While the lungs are the primary target of the SARS-CoV-2 coronavirus, other organs of the body can also bear the brunt of the disease. Several individuals who contract COVID-19 have been found to suffer damage to the kidneys—Acute kidney injury (AKI). Nevertheless, it is not certain whether the virus plays a direct or an indirect role in this. Now, scientists have found that despite being able to infect human kidney cells, the coronavirus may not typically cause cell death within the organ.
According to a new study by a team of Israeli researchers, the SARS-CoV-2 virus can infect and replicate within human kidney cells. However, it may not result in the kind of cell death that is found in organs such as the lungs. The authors also found that kidney cells that already exhibit signs of injury may be more easily invaded by the pathogen and can develop additional injuries.
"SARS-CoV-2 can infect kidney cells without a cytopathic effect. AKI-induced cellular proliferation may potentially intensify infectivity and tubular damage by SARS-CoV-2, suggesting that early intervention in AKI is warranted to help minimize kidney infection," the authors wrote.

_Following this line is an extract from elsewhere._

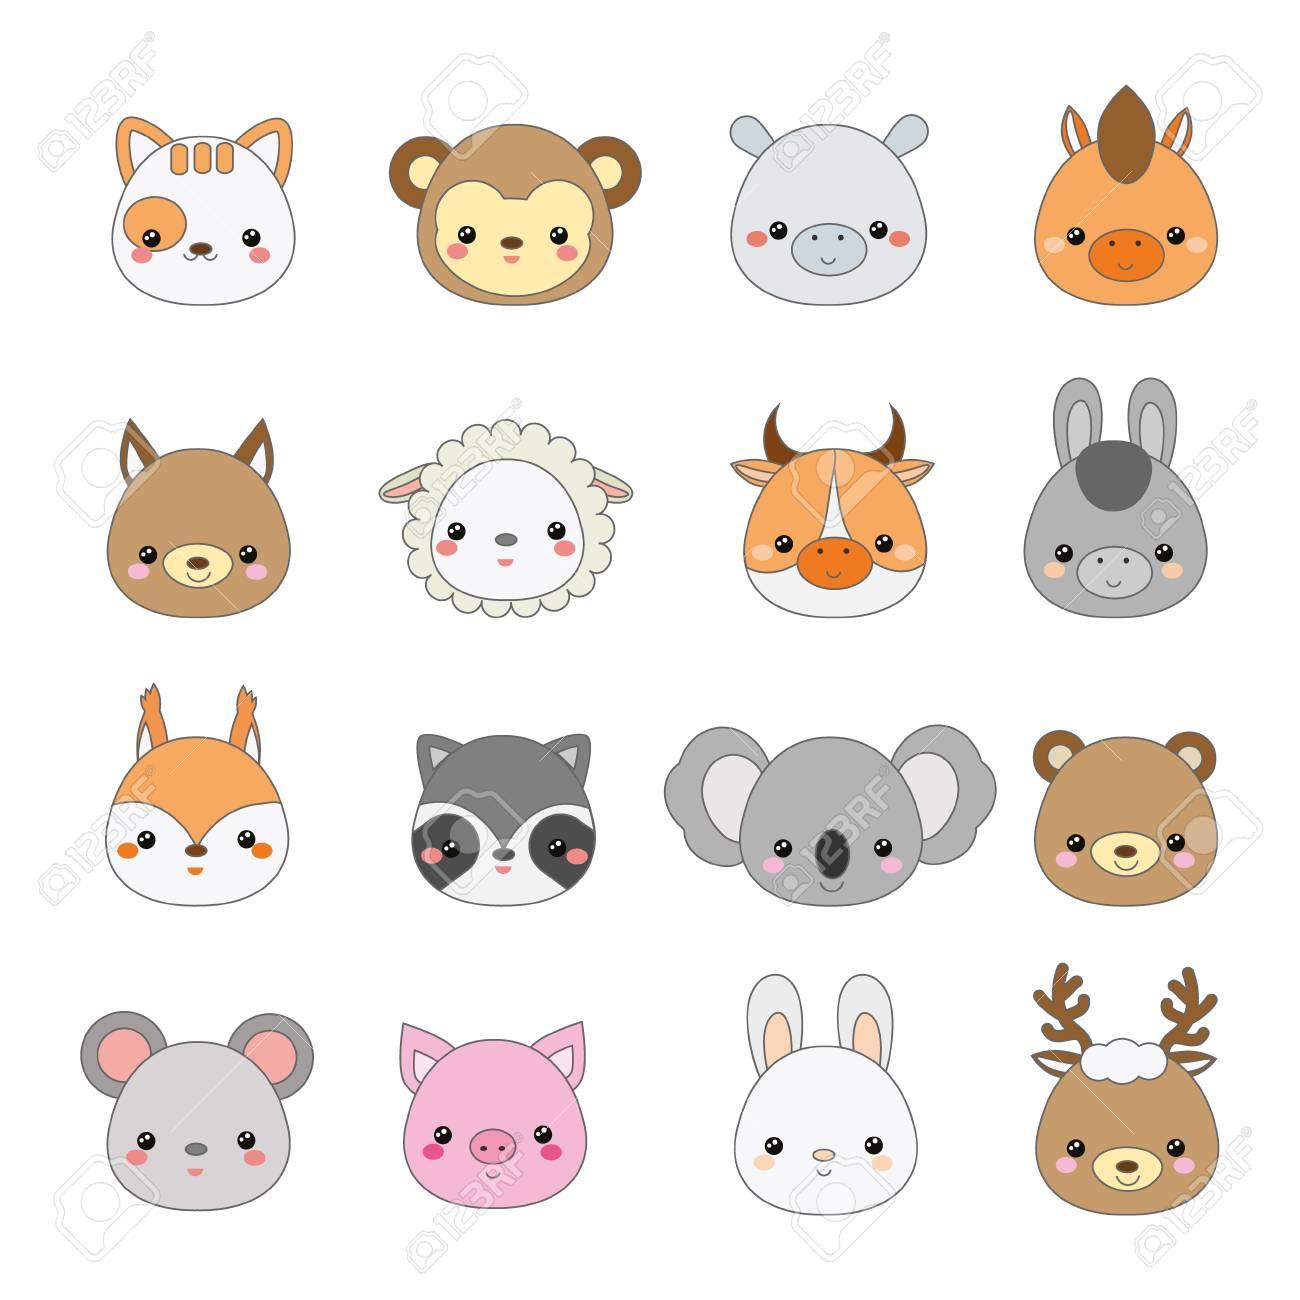 Cute animals faces  Big set of cartoon kawaii wildlife and farm

Extensive Renal Damage Among COVID-19 Patients
AKI is a widespread complication among hospitalized COVID-19 patients. Studies have noted that the incidence rate of AKI among such patients can be anywhere between 39 to 52 percent. Mortality rates among COVID-19 patients have also been found to be driven higher due to severe renal damage, with some studies finding that only 30 percent survive. Therefore, understanding the role of the SARS-CoV-2 in AKI is of paramount importance.
In order to investigate the level of the novel coronavirus' involvement in kidney injury, the team cultivated human kidney cells in the lab and infected them with the virus. The cells used in the experiments were cultured as three-dimensional spheroids—enabling the imitation of a healthy kidney—or as a two-dimensional layer that mimicked the cells of a severely injured kidney.
The spheroids were examined for the expression receptors ACE2 (angiotensin-converting enzyme 2), BSG/CD147 (Basigin/ cluster of differentiation 147) and TMPRSS2 (Transmembrane serine protease 2)—the cellular proteins, particularly ACE2, that the SARS-CoV-2 uses to gain entry into cells. Significantly higher levels of the receptors were found to be expressed by the three-dimensional cells in comparison to 2D cell layers, thereby, providing ideal conditions for the virus to infect cells.
Hurting Without Killing
The authors found that in spite of entering, infecting, and replicating within human adult kidney cells, the novel coronavirus did not typically cause cell death. Before being infected, the cells contained high levels of type 1 interferon(IFN)-related molecules —cytokines or signaling proteins that are produced by cells as a response to infections. When the cells were infected, the infection was found to trigger an inflammatory response that led to the increase of IFN-related molecules.
However, kidney cells that possessed inadequate amounts of the cytokine molecules died upon being infected. This suggested that the stimulation of inflammatory response of the signaling chemicals provided a protective effect. The study also gleaned that cells that imitated a severely injured kidney had higher susceptibility to infection and further injury, but not cellular death.
"The data indicate that it is unlikely that the virus is a primary cause of acute kidney injury seen in COVID-19 patients. It implies that if such injury takes place in the kidney by any cause, the virus might jump on the wagon to intensify it. Therefore, if we're able to limit the common scenario of acute kidney injury in the first place, then there might be the possibility to minimize potential damage caused by the virus," illustrated Dr. Benjamin Dekel, lead author of the study, in a statement.